**What to do:**
Exactly the lines from the opening of the records through the line containing "Jaquette DVD Matador v2" should be copied, with both included.

■ ■ ■ ■ ■

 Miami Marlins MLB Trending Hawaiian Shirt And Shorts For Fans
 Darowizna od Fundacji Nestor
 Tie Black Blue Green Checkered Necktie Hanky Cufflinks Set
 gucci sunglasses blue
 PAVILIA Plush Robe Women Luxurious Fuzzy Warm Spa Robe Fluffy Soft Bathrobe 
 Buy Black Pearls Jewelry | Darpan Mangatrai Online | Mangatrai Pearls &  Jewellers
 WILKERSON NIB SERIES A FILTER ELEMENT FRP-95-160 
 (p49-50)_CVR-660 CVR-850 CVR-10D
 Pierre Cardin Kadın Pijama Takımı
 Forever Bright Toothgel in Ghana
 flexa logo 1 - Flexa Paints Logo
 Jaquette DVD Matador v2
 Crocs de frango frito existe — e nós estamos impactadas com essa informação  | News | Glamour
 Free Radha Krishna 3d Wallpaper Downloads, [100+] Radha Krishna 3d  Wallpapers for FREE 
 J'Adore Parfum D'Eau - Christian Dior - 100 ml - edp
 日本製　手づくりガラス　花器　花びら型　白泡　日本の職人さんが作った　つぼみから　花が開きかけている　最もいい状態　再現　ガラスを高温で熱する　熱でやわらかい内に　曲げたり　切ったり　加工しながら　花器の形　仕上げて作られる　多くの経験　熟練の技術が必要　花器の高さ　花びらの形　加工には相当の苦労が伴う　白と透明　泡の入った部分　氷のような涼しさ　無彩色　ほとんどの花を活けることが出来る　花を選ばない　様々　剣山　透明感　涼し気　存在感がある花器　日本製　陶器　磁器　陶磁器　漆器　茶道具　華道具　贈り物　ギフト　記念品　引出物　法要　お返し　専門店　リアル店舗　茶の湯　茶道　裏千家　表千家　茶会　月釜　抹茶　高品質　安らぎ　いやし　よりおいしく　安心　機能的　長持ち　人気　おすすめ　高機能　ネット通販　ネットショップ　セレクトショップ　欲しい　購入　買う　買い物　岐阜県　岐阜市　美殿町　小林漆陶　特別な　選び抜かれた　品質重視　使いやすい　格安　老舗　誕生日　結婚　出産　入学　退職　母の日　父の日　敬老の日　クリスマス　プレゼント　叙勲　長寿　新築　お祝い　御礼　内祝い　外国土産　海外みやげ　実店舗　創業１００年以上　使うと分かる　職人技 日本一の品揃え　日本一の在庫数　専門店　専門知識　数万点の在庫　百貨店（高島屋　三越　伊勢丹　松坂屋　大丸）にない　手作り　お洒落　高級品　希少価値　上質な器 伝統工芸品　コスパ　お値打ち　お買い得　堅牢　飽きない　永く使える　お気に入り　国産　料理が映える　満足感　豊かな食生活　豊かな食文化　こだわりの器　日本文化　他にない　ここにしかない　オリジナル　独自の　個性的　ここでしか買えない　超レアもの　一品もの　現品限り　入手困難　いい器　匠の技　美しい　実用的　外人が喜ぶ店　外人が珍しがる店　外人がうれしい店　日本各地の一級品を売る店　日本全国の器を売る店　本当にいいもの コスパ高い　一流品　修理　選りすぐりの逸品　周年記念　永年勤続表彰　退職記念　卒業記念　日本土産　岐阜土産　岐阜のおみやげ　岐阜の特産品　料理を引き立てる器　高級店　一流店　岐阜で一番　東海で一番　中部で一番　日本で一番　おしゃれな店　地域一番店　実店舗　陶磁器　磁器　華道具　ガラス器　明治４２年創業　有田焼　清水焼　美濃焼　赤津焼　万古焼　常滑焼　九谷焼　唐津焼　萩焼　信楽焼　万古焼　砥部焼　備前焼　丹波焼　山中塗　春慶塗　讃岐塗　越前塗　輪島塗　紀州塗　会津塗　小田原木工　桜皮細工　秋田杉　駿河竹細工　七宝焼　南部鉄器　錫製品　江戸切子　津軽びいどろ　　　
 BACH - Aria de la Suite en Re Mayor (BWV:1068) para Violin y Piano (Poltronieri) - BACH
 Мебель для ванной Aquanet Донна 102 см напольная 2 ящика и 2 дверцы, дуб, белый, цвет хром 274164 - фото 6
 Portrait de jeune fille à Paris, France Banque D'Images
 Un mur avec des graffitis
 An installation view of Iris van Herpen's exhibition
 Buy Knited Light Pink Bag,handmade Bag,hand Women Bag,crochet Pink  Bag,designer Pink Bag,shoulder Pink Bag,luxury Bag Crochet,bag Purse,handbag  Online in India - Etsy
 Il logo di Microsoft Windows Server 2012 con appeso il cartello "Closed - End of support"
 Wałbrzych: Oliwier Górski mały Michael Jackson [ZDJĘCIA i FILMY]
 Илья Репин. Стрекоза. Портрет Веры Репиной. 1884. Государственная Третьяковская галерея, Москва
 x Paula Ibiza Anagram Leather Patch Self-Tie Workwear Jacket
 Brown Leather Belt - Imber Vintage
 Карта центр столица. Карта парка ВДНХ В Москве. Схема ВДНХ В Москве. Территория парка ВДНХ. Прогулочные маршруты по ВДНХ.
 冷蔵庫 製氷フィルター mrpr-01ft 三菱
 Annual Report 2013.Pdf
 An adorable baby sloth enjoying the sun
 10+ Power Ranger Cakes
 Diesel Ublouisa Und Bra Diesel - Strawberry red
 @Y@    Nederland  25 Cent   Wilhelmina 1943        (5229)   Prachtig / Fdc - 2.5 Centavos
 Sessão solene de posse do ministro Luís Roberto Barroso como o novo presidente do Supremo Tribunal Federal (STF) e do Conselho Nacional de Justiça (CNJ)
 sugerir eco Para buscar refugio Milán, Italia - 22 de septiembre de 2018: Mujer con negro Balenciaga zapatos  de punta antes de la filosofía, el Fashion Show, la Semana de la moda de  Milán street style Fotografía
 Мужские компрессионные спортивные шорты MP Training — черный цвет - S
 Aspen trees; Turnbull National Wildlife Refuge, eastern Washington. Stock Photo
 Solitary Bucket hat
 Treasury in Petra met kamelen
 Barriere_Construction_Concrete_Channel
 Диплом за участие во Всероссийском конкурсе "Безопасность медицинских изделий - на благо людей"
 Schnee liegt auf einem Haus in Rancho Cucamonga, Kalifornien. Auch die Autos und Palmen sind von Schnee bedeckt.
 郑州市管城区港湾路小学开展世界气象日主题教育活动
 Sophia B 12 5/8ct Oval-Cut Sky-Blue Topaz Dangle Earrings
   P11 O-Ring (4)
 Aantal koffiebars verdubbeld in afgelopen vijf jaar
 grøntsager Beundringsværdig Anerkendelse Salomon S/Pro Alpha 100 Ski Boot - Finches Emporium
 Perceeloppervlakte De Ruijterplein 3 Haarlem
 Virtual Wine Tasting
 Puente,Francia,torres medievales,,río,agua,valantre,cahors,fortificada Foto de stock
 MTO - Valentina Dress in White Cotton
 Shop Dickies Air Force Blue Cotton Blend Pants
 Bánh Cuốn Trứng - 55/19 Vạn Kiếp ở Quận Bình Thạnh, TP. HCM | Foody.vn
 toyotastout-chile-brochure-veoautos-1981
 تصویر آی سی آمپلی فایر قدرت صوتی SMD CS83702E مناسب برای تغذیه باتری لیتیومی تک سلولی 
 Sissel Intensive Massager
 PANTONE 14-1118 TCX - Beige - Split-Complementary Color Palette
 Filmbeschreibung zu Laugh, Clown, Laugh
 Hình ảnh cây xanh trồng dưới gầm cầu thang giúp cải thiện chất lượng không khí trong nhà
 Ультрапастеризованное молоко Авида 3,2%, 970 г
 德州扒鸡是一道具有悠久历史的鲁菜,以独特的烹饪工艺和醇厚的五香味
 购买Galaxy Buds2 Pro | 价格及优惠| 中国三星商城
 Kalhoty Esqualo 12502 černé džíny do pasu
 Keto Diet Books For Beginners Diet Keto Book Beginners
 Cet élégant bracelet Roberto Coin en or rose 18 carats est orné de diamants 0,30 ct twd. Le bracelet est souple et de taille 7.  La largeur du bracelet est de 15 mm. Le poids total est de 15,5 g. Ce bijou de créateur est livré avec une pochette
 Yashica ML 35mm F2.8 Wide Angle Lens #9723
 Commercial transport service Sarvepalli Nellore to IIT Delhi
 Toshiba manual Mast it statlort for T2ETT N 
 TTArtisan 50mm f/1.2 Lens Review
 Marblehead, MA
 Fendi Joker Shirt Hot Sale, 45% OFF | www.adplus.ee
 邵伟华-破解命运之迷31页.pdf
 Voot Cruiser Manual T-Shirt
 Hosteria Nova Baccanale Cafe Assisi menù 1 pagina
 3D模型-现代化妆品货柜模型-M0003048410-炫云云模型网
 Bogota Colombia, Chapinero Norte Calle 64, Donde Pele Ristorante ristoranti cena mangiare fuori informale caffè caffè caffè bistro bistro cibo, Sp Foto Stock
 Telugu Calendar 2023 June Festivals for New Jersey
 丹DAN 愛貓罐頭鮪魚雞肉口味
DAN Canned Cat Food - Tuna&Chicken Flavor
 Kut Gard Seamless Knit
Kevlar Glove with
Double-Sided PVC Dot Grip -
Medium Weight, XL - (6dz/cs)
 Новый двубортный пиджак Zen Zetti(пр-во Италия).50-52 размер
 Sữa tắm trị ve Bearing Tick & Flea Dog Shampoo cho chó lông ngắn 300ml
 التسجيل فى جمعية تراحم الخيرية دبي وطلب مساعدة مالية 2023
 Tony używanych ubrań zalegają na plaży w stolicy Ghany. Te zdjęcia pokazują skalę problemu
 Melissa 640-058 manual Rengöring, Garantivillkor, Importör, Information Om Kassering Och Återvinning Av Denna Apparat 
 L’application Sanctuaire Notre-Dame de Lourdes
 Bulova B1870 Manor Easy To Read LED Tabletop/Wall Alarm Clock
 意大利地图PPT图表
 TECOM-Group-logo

■ ■ ■ ■ ■

**Solution:**
 Miami Marlins MLB Trending Hawaiian Shirt And Shorts For Fans
 Darowizna od Fundacji Nestor
 Tie Black Blue Green Checkered Necktie Hanky Cufflinks Set
 gucci sunglasses blue
 PAVILIA Plush Robe Women Luxurious Fuzzy Warm Spa Robe Fluffy Soft Bathrobe 
 Buy Black Pearls Jewelry | Darpan Mangatrai Online | Mangatrai Pearls &  Jewellers
 WILKERSON NIB SERIES A FILTER ELEMENT FRP-95-160 
 (p49-50)_CVR-660 CVR-850 CVR-10D
 Pierre Cardin Kadın Pijama Takımı
 Forever Bright Toothgel in Ghana
 flexa logo 1 - Flexa Paints Logo
 Jaquette DVD Matador v2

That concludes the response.